WORK TASK — Would you give the listing again exactly, without its images?

AVAILABLE DATA —
:::::

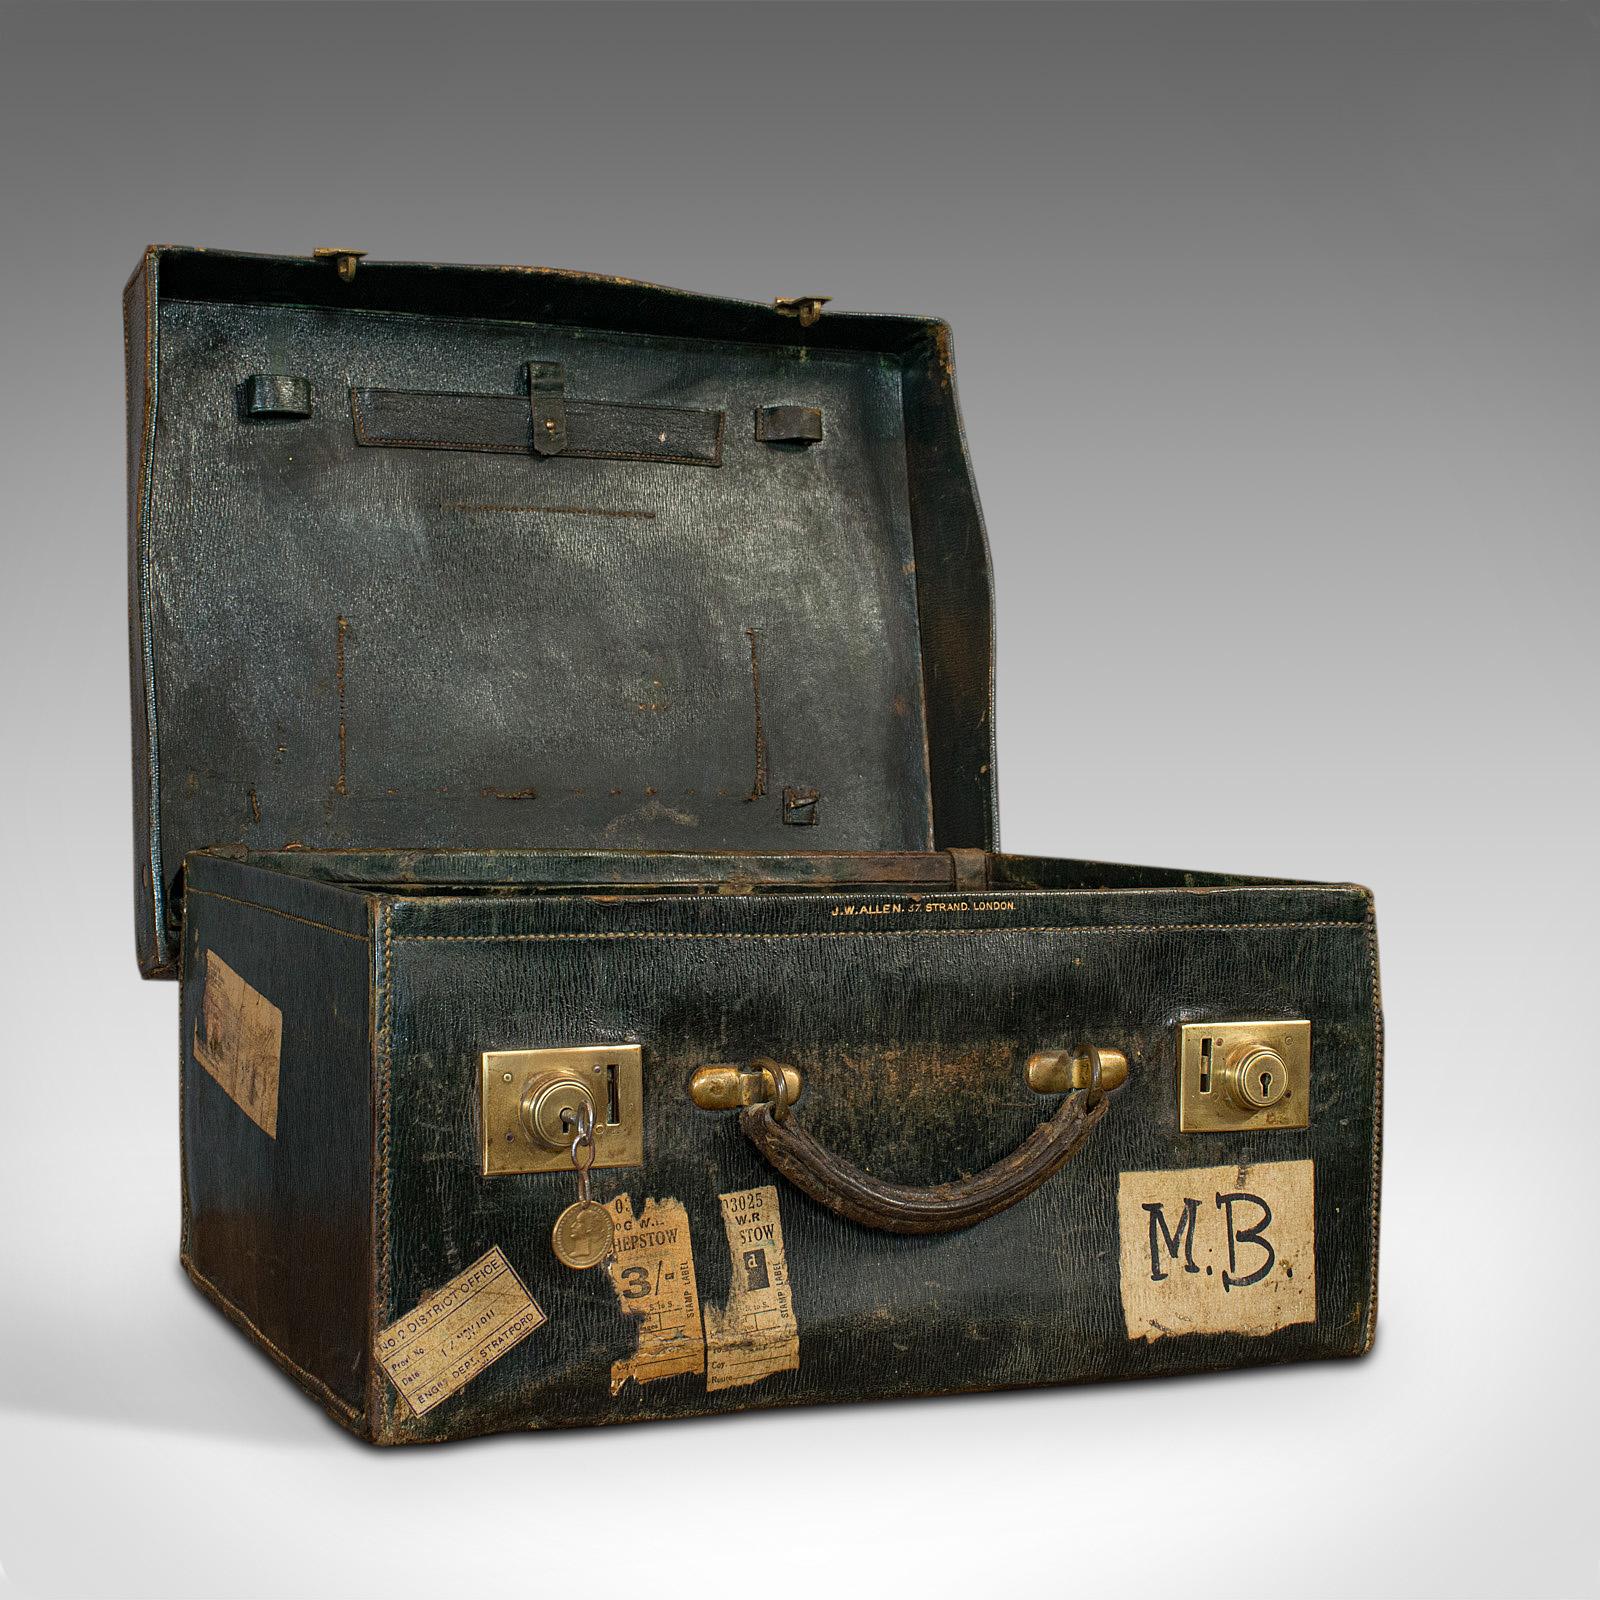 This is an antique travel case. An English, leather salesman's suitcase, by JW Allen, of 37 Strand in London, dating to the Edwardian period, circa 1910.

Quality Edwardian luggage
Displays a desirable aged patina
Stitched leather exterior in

:::::

RESPONSE BELOW —
 This is an antique travel case. An English, leather salesman's suitcase, by JW Allen, of 37 Strand in London, dating to the Edwardian period, circa 1910.

Quality Edwardian luggage
Displays a desirable aged patina
Stitched leather exterior in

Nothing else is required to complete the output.